Türkiye’nin ortalama 8 bin dolarlık milli gelir seviyesi ile Avrupa Birliği ülkeleri içerisinde son sırada yer aldığını ifade eden Dalgakıran, “Yüksek katma değerli ürün ihracatı artmadan, dış ticarette ve milli gelirde kayda değer bir artış olması çok zor. Değersiz TL’nin ihracata çok olumlu katkı yapacağına inanlardan değilim. Geçmişe bakarsanız, ihracatın en iyi olduğu zamanlar, TL’nin en değerli olduğu zamanlarda gerçekleşti” şeklinde konuşuyor.

Cari fazla hayal oldu

Dış ticaret açığı ile birlikte, yeni ekonomi modelinin en büyük vaadi olan “cari fazla” hedefi de 2022 için hayal oldu.
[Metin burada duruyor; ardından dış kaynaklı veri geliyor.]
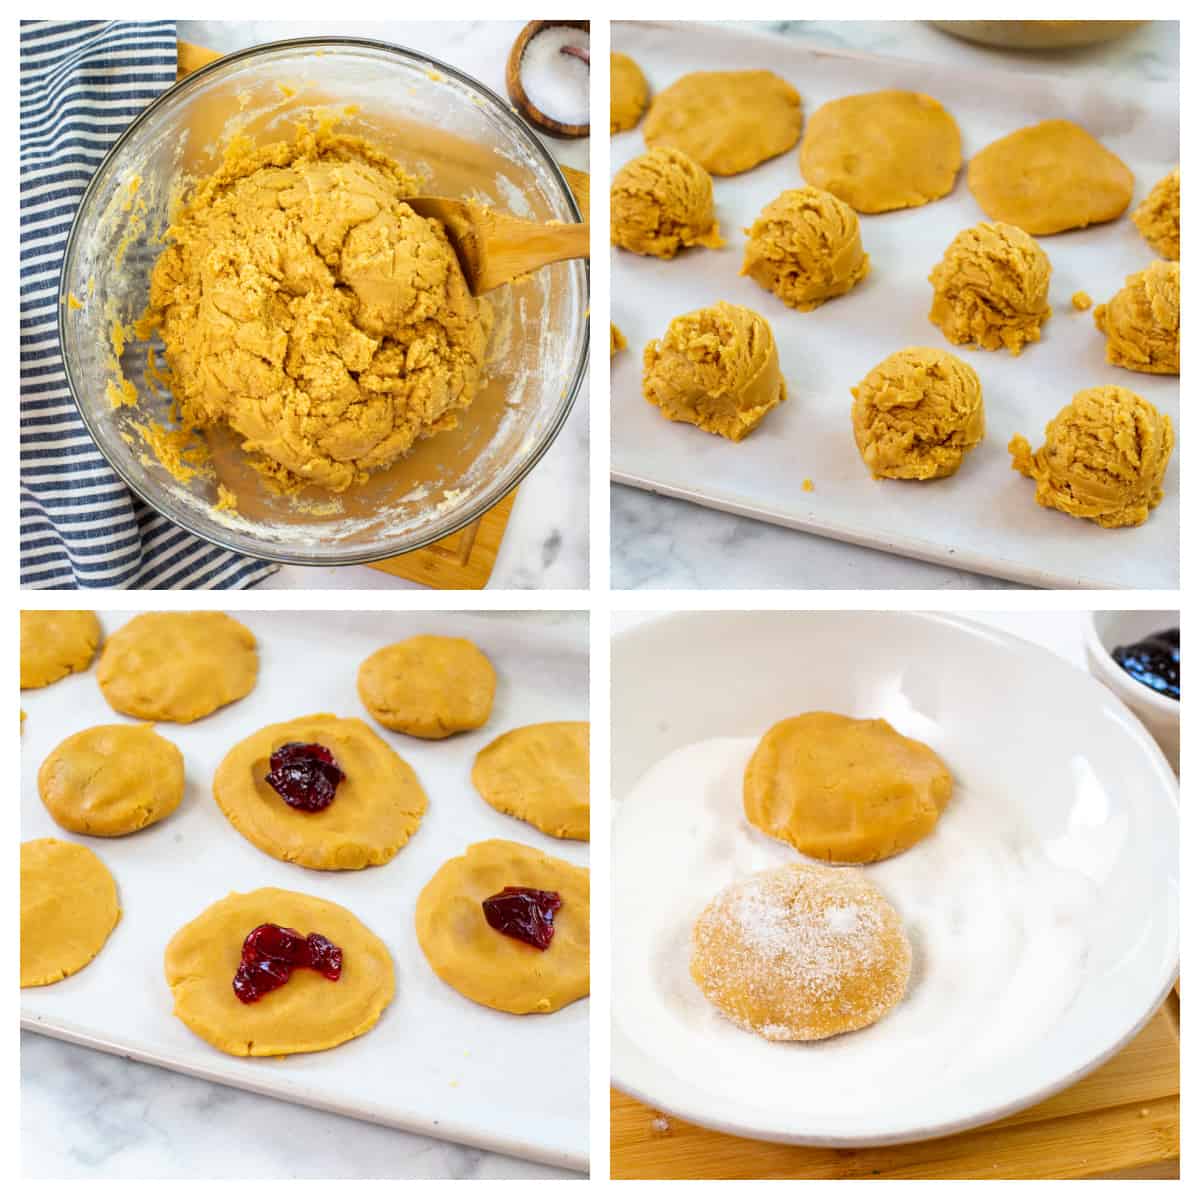 Collage showing how to make peanut butter and jelly cookies.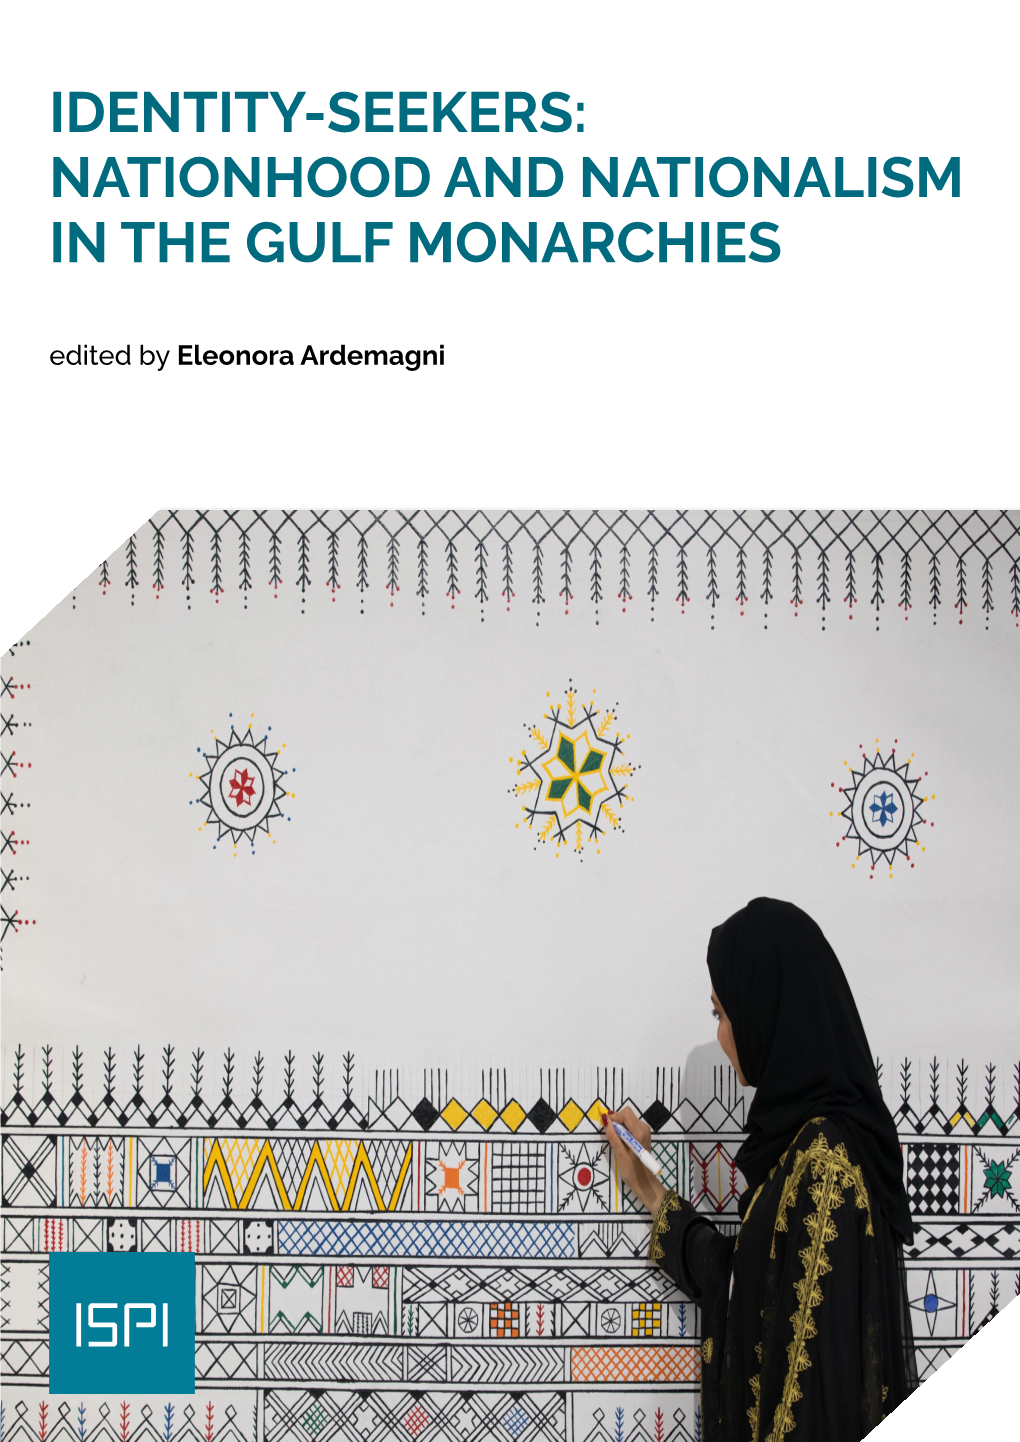 NATIONHOOD and NATIONALISM in the GULF MONARCHIES Edited by Eleonora Ardemagni DOSSIER 16.05.2019 ITALIAN INSTITUTE for INTERNATIONAL POLITICAL STUDIES

Cari fazla vermek bir yana, Ocak ayında cari açık son 4 yılın en yüksek seviyesini görürken, 12 aylık cari açık ise 22 milyar dolara çıktı. Açıktaki büyümede kurlardaki yükseliş ile birlikte artan ithalat ve enerji maliyeleri belirleyici oldu.

Türkiye’nin makro göstergelerindeki bozulmalar, uluslararası kurumların analizlerinde de kendine yer buldu. Uluslararası Para Fonu’nun (IMF) son açıklanan Küresel Ekonomik Görünüm ve Küresel Finansal İstikrar Raporu’nda, Türkiye’nin 2022 büyümesi yüzde 3,3’ten yüzde 2,7’ye revize edilirken, 2022 yılının tamamında cari açığın 45 milyar dolar seviyesine ulaşacağı tahmin edildi. IMF’e göre, yılsonu enflasyonu ise yüzde 52,4 olarak öngörüldü.

“Tarihin en yüksek cari açıklarından biri”

Ekonomist Cüneyt Akman’a göre, yüksek kurun ihracatta yarattığı avantajlar, çok kısa sürede yerini olumsuzluklara bırakmış durumda.

Akman, “Ocak-Şubat’ta iki ay içinde 12 milyar doların üzerinde cari açık verdik ve bu tarihin en yüksek cari açıklarından birisi” diyor. Döviz kurlarındaki yükselişin ilk zamanlarda ihracatçıya sağladığı avantajın dezavantaja dönmeye başladığına işaret eden Akman, “İhracatçıların bile çoğu bu modelden memnun değil” diye konuşuyor.

Türkiye’de pandemi etkisi ile geçen son iki yıla göre ihracat artışının devam edeceği öngörülse de, 2022’de cari açığın ihracat hızını gölgede bırakması bekleniyor.

“Şu anki enflasyonu arar hale gelebiliriz”

Peki Türkiye’nin dış ticaret dengesinde yaşanan bozulma, vatandaşı nasıl etkileyecek?

Türkiye’de geçmişte döviz sıkıntısı nedeniyle 70 cent’e muhtaç kalınan dönemler yaşandığına işaret eden Cüneyt Akman, şu görüşlerini dile getiriyor: “Umarım bu felaketli deneyin sonucu yine 70 cent’lere muhtaç kalmakla bitmez. Ama gidişat o tarafa doğru. Bunun sonucu şu: Birincisi piyasalarda muazzam bir kıtlık, kuyruklar ve arkasından şiddetli ama şu anda olan enflasyonun mislini, bunu arayacak şekilde enflasyon, hayat pahalılığı anlamına gelir.”